Though unnamed, the agency tied these activities to potential “national-security threats,” reinforcing Beijing’s fear that decentralized systems could become Trojan horses for data extraction.


🧱 The State Strikes Back — Enter the e-CNY

Crypto may be outlawed, but China isn’t anti-digital. It’s just anti-anarchy.

The e-CNY, China’s central-bank digital currency (CBDC), has already processed more than ¥14 trillion across over two dozen pilot cities since 2019 — effectively the world’s most advanced digital-currency rollout.
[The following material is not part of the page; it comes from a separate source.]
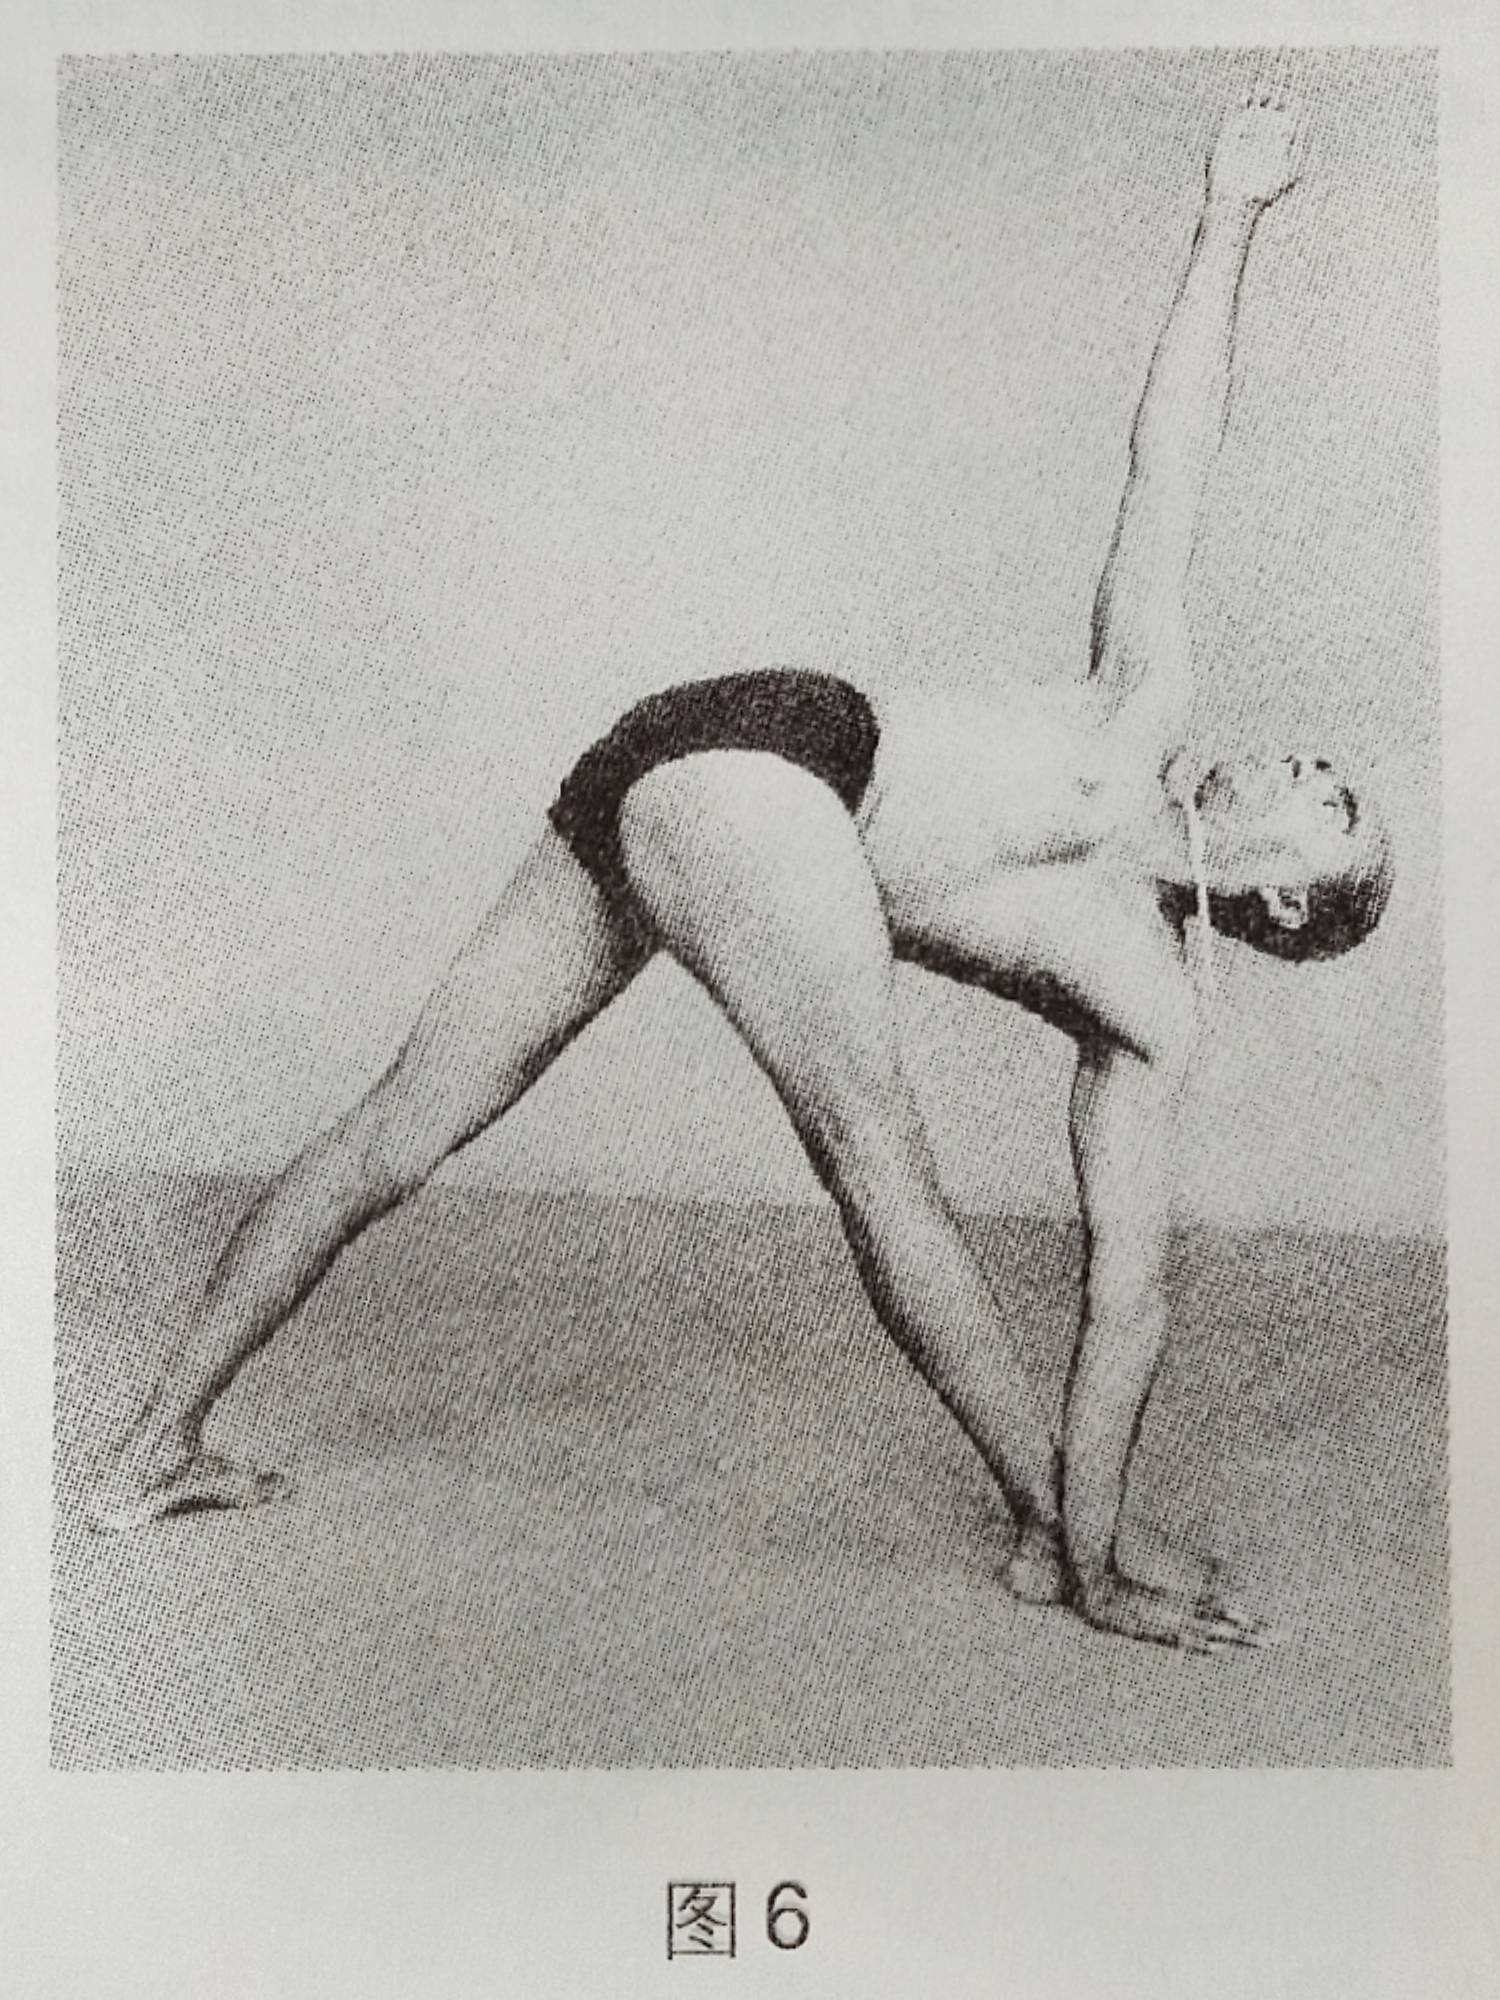 Паривритта триконасана или поза перевернутого треугольника в йоге: техника выполнения, польза, противопоказания

The PBoC is expanding e-CNY integration through:

  • Broader access via commercial banks
  • Cross-border pilot programs
  • Research on stablecoin monitoring systems funded by ¥300K grants

Translation: Beijing wants to control the tech it bans elsewhere.

Pan also confirmed that the PBoC will resume secondary-market bond trading, previously halted amid liquidity concerns — a subtle move to rebuild China’s yield curve and maintain monetary flexibility.

“We will uphold a supportive stance and a moderately loose policy to sustain recovery,” Pan said.

Meanwhile, Zhu Hexin, head of the State Administration of Foreign Exchange, unveiled nine new trade measures to encourage cross-border financial innovation — a possible prelude to international e-CNY trials.


🇺🇸 The U.S. Moves the Other Way

Across the Pacific, the GENIUS Act — signed under Trump — is turning stablecoins into a weapon of soft power.

By providing a clear legal framework for dollar-backed stablecoin issuance, the U.S. is exporting financial infrastructure the same way it once exported software.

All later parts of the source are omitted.